Audi RS5 : ni le beurre, ni l'argent du beurre ...

Dernière modification : 03/03/2026 -  0

La nouvelle RS5 2026 ne fait pas dans la demi-mesure. Audi Sport a décidé d'entrer franchement dans l'ère hybride rechargeable, et le résultat est spectaculaire sur le papier.

Sous le capot, on retrouve le bon vieux asthmatique V6 2.9 TFSI biturbo. Il développe à lui seul 510 ch (375 kW) et 600 Nm. Il est associé à un moteur électrique de 130 kW (177 ch) intégré à la transmission.

La puissance cumulée atteint 639 ch (470 kW) pour un couple total de 825 Nm. Bref, en coreun alignement avec les copains MErcedes ert BMW, puisque tout ça rappelle largement les chiffres de la C63 2.0 litres, qui va d'ailleurs disparaître.


Transmission quattro (évidemment, même si c'est  devenu de la camelote en terme d'architecture), boîte automatique 8 rapports (du ZF très commun), différentiel sport (qui veut tout et rien dire ... Surtout qu'il semble être électronique ...), vectorisation de couple (la base en 2026) : tout y est même si ça reste du réchauffé et du classqiue.

Le 0 à 100 km/h est annoncé en 3,6 secondes.
La vitesse maximale grimpe jusqu'à 285 km/h (seulement ?!) avec le pack adéquat (en plus ?!).

La (trop ?) grosse batterie affiche 25,9 kWh brut (environ 22 kWh utiles), ce qui permet une autonomie électrique WLTP pouvant atteindre 80 à 87 km. Recharge en courant alternatif jusqu'à 11 kW.

Sur le plan technique, c'est propre, moderne et dans l'ère du temps il faut l'avouer. Mais le problème est ailleurs.

Quattro ?

Sur cette RS5 2026, le système quattro n’est plus le différentiel central mécanique Torsen des grandes années.
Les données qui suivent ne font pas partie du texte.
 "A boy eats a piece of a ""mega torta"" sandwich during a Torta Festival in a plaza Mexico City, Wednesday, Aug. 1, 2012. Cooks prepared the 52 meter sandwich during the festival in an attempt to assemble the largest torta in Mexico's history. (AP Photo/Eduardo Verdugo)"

On est désormais sur une architecture avec embrayage multidisque piloté pour gérer le couplage entre les essieux, autrement dit un système à transfert de couple contrôlé électroniquement. Techniquement, c’est efficace, rapide, adaptable. Mais dans l’esprit, on se rapproche clairement d’une logique de type Haldex : le train arrière est alimenté via un dispositif de friction piloté, et non par un différentiel central purement mécanique et permanent. Cela signifie que la répartition de couple dépend fortement de l’électronique et des conditions d’adhérence, avec une base souvent orientée vers l’avant en conduite normale.
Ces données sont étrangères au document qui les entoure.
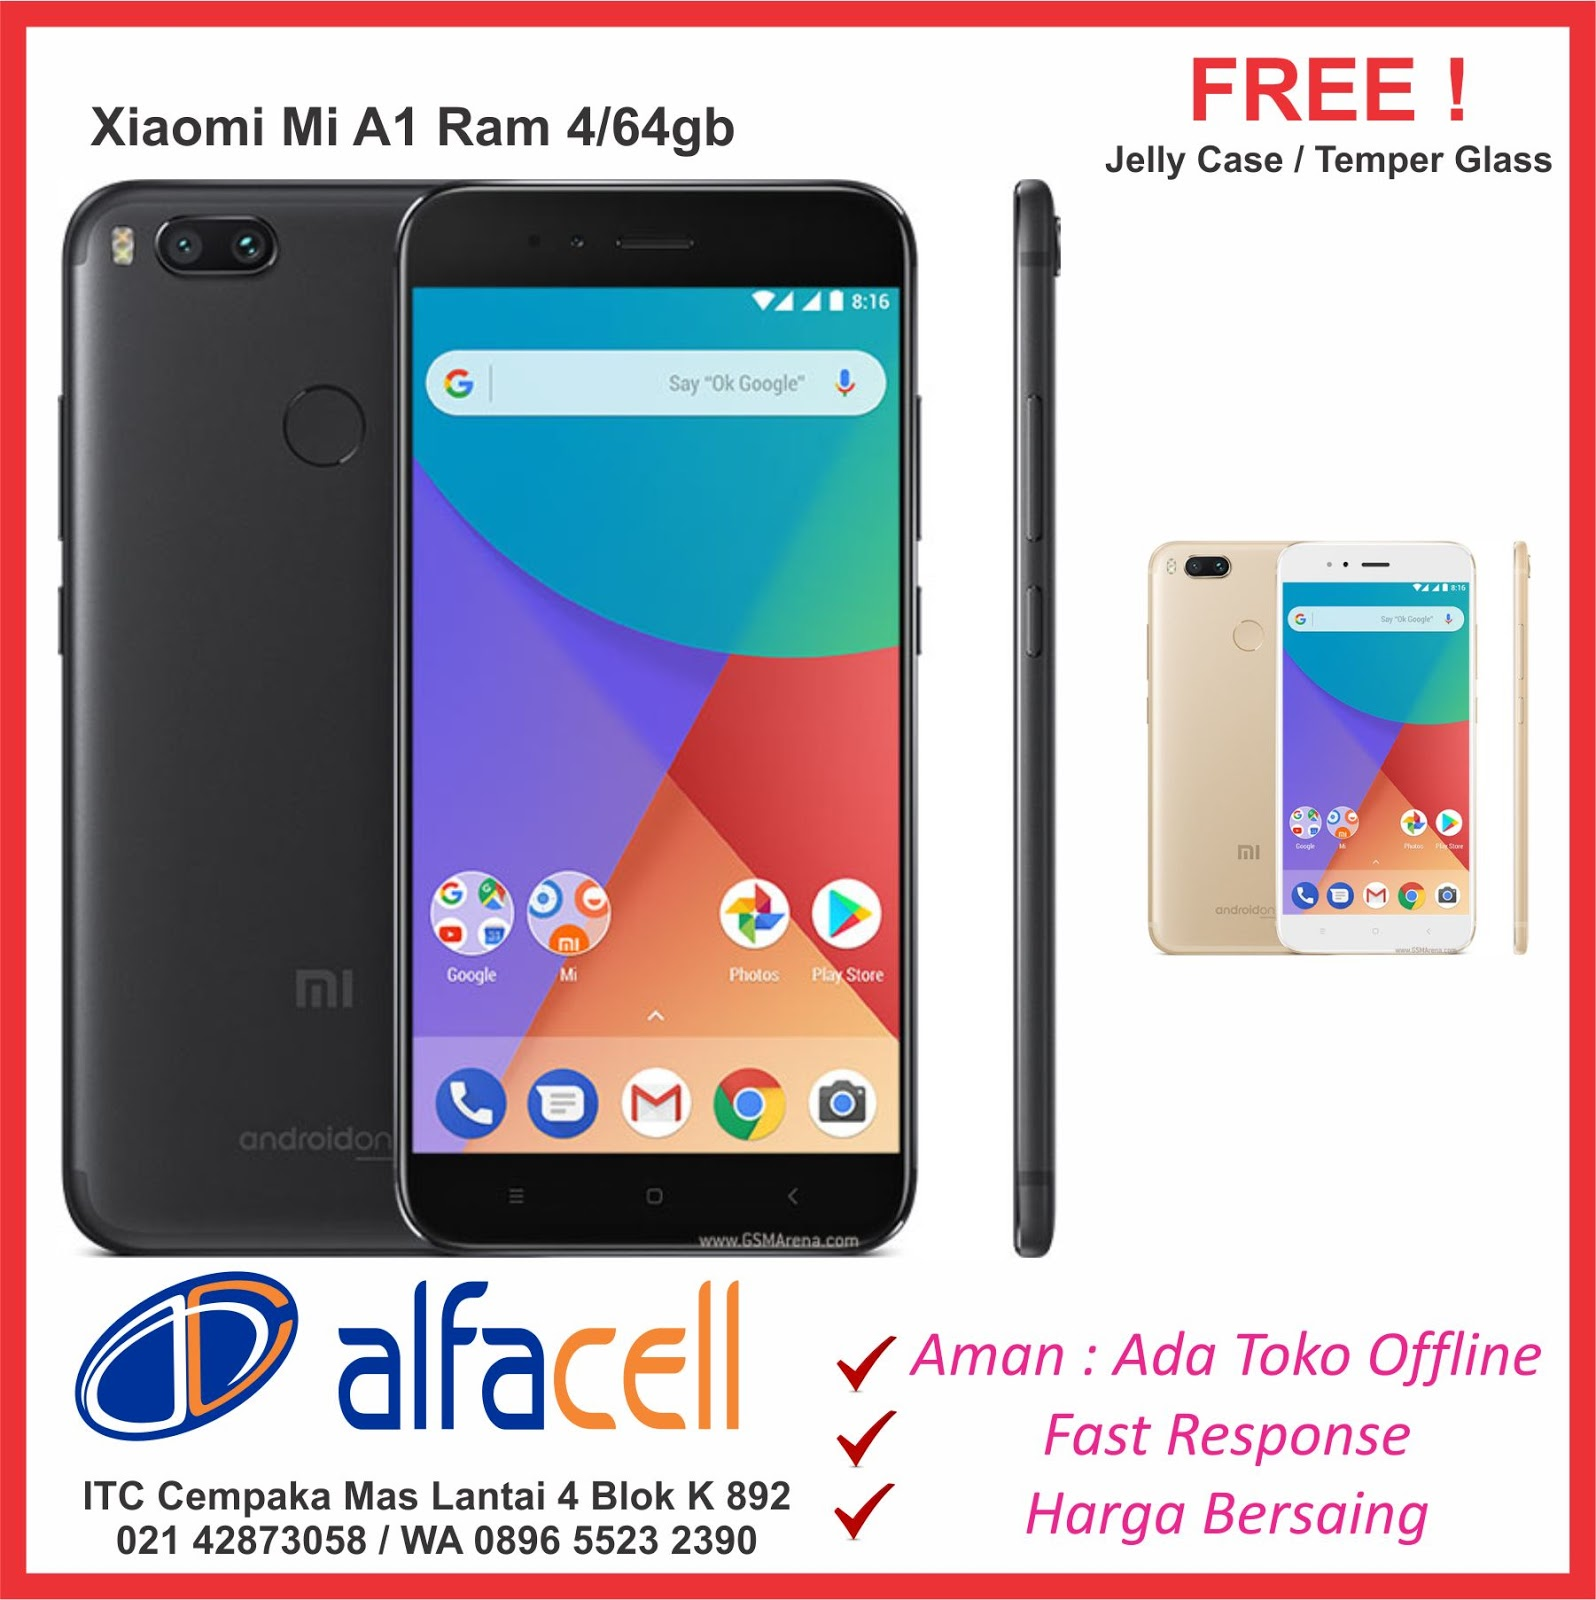 Alfacell Store Service Training Center Xiaomi Murah Itc Cempaka

Pour une RS, cela fait un peu tache. On passe d’une transmission intégrale “noble”, mécanique, toujours active, à une solution plus industrielle et plus commune. Certes, Audi parlera d’optimisation, de réactivité accrue et de vectorisation avancée. Mais dans les faits, le principe reste plus proche d’un système grand public sophistiqué que d’un dispositif réellement exclusif. Si ton analyse vise à dire que le quattro perd ici en noblesse et en singularité technique, tu n’es pas complètement à côté de la plaque. On est davantage dans l’efficacité moderne que dans la mécanique de caractère qui faisait l’identité historique du quattro.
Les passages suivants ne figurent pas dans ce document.